Gene Fusions Tutorial - Prediction
General Setup
Create tutorial directory structure on the instance
Create a directory in the temporary workspace and change to that directory.
mkdir /mnt/workspace/Module7/
cd /mnt/workspace/Module7/
All content for this tutorial is located in a bitbucket repo at
https://dranew@bitbucket.org/dranew/cbw_tutorial.git
. Some of the data, scripts and config files from this repo will be used in the tutorial. Link the repo directory to your workspace.
ln -s /media/cbwdata/CG_data/Module7/cbw_tutorial
The reference genomes have been indexed and fusion caller specific setup scripts have been run for you. Instructions for your reference are available in the install section of the tutorial. Link the ref data to your workspace.
ln -s /media/cbwdata/CG_data/Module7/refdata
Sample data has been prepared for you, link to your workspace.
ln -s /media/cbwdata/CG_data/Module7/sampledata
For visualization purposes, a list of bams is available for reads aligning to fused genes. Link those into your workspace.
ln -s /media/cbwdata/CG_data/Module7/bams
Set the $TUTORIAL_HOME
environment variable so subsequent commands know the
locatioin of installed binaries, libraries, and reference genome data. Also,
subsequent analyses will fall into subdirectories of $TUTORIAL_HOME
.
TUTORIAL_HOME=/mnt/workspace/Module7
Environment setup
For this tutorial, we now assume the environment variable $TUTORIAL_HOME
has been set to an existing directory to which the user has write access.
All binaries used in this tutorial will be installed using conda
. Modify the PATH
environment variable to point to binaries in the anaconda installation.
export PATH="/home/ubuntu/CourseData/CG_data/Module7/anaconda/bin:$PATH"
Reference Genome
We will be using a modified reference genome comprising a single chromosome to allow for quicker running times.
Environment setup
Create variables for the reference genome and gene models.
TUTORIAL_CHROMOSOME=2
ENSEMBL_GTF_FILENAME=$TUTORIAL_HOME/refdata/Homo_sapiens.GRCh37.75.gtf
GENCODE_GTF_FILENAME=$TUTORIAL_HOME/refdata/gencode.v19.annotation.gtf
ENSEMBL_GENOME_FILENAME=$TUTORIAL_HOME/refdata/Homo_sapiens.GRCh37.75.dna.chromosome.$TUTORIAL_CHROMOSOME.fa
UCSC_GENOME_FILENAME=$TUTORIAL_HOME/refdata/chr$TUTORIAL_CHROMOSOME.fa
ENSEMBL_GENOME_PREFIX=$TUTORIAL_HOME/refdata/Homo_sapiens.GRCh37.75.dna.chromosome.$TUTORIAL_CHROMOSOME
UCSC_GENOME_PREFIX=$TUTORIAL_HOME/refdata/chr$TUTORIAL_CHROMOSOME
For gmap, set a directory for the gmap indices, and the id of the reference.
GMAP_REF_ID=chr$TUTORIAL_CHROMOSOME
GMAP_INDEX_DIR=$TUTORIAL_HOME/refdata/gmap/
For STAR, set the directory for the indices.
STAR_GENOME_INDEX=$TUTORIAL_HOME/refdata/star/
HCC1395 sample data
Environment setup
We will create environment variables pointing to the data on the instance, and set a sample id for the data.
We will be working with a publically available HCC1395 breast cancer cell line sequenced for teaching and benchmarking purposes.
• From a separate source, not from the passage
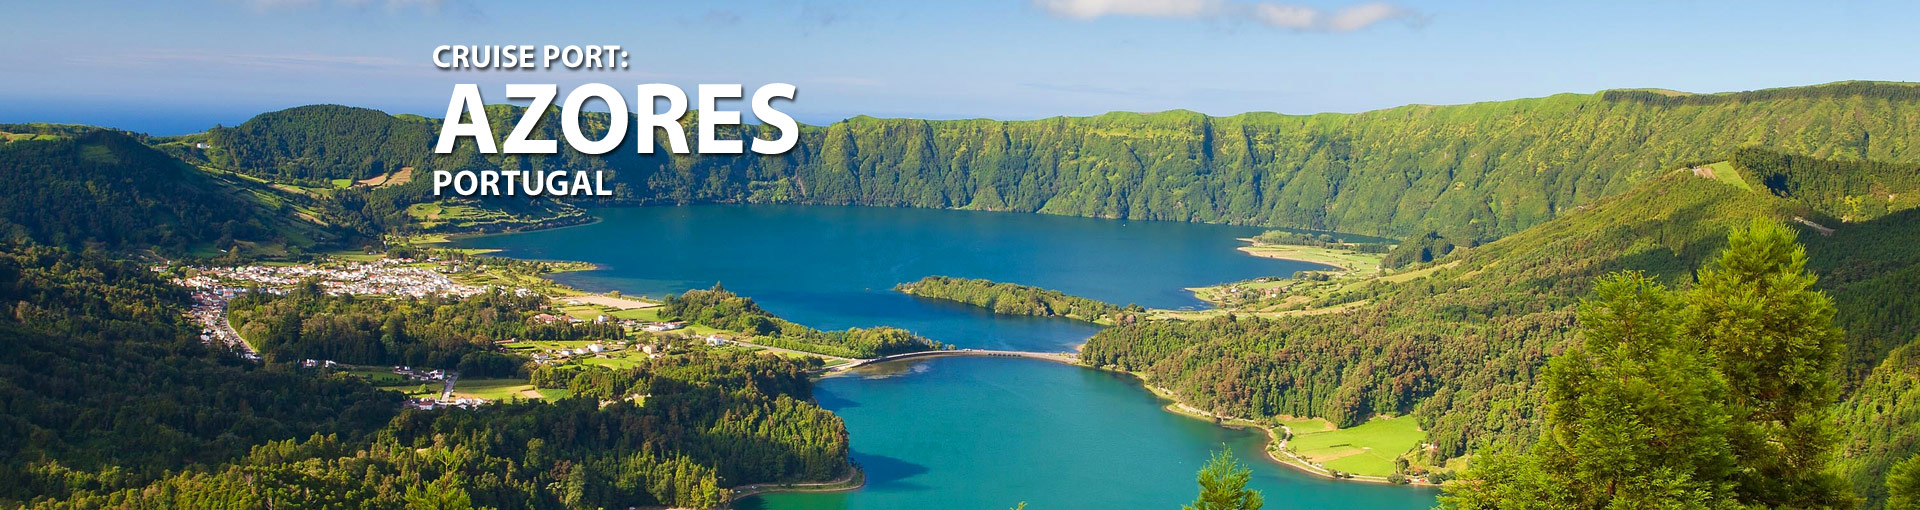 Cruises from Ponta Delgada, Azores, Portugal

The dataset is available from washington university servers, and can be accessed via the github page for the Genome Modeling System.
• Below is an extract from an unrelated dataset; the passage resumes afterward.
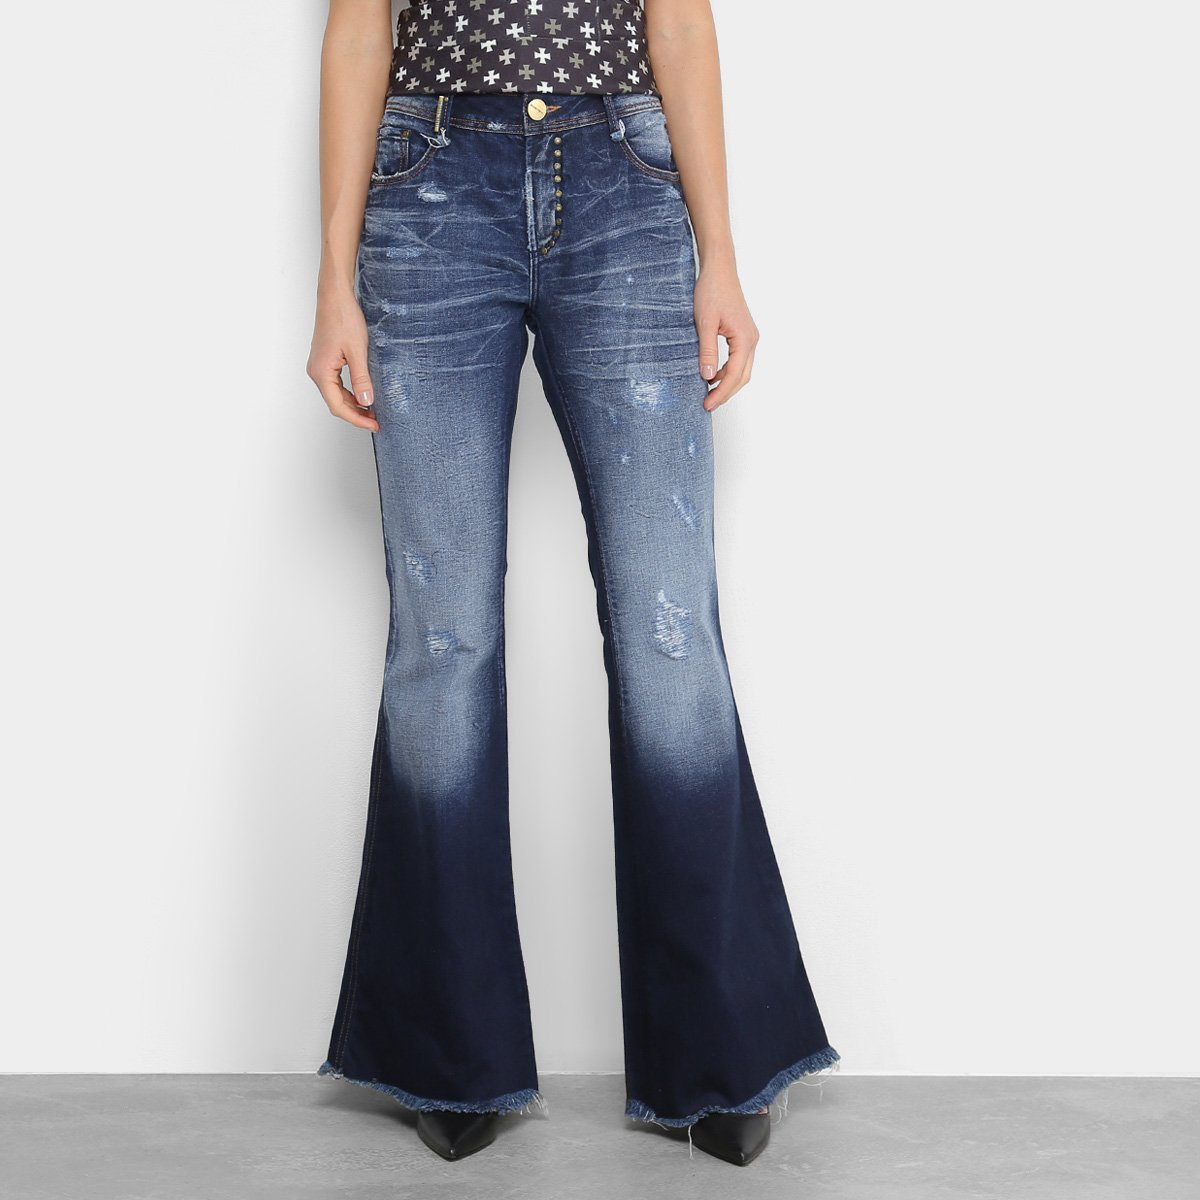 e70cfa1a2 Calça Jeans Flare Lança Perfume Low Comfort Estonada Puídos Barra Des.

Special thanks to Malachi Griffith for providing access to the data.
SAMPLE_ID=HCC1395
SAMPLE_FASTQ_1=/media/cbwdata/CG_data/Module7/sampledata/HCC1395/rnaseq/SAMPLE_R1.fastq
SAMPLE_FASTQ_2=/media/cbwdata/CG_data/Module7/sampledata/HCC1395/rnaseq/SAMPLE_R2.fastq
Running times for each tool
chimerascan: 12 minutes
defuse: 18 minutes
star: 11 minutes
trinity: 12 minutes
Run the ChimeraScan fusion prediction tool
Environment setup
Set variable for index directory.
CHIMERASCAN_INDEX=$TUTORIAL_HOME/refdata/chimerascan/indices/
Execution
Run chimerascan by providing the index directory, the pair of fastq files, and the sample specific output directory
mkdir -p $TUTORIAL_HOME/analysis/chimerascan/$SAMPLE_ID/
chimerascan_run.py -p 4 \
$CHIMERASCAN_INDEX \
$SAMPLE_FASTQ_1 $SAMPLE_FASTQ_2 \
$TUTORIAL_HOME/analysis/chimerascan/$SAMPLE_ID/
After chimerascan has completed we can run an additional script to create an html output to browse the results.
chimerascan_html_table.py --read-throughs \
-o $TUTORIAL_HOME/analysis/chimerascan/$SAMPLE_ID/chimeras.html \
$TUTORIAL_HOME/analysis/chimerascan/$SAMPLE_ID/chimeras.bedpe
You can view the resulting html report at the following url in your browser, where you need to replace #
with your instance id.
http://cbw#.dyndns.info/Module7/analysis/chimerascan/HCC1395/chimeras.html
Run the deFuse gene fusion prediction tool
Environment setup
Set variable for the config filename and the two scripts.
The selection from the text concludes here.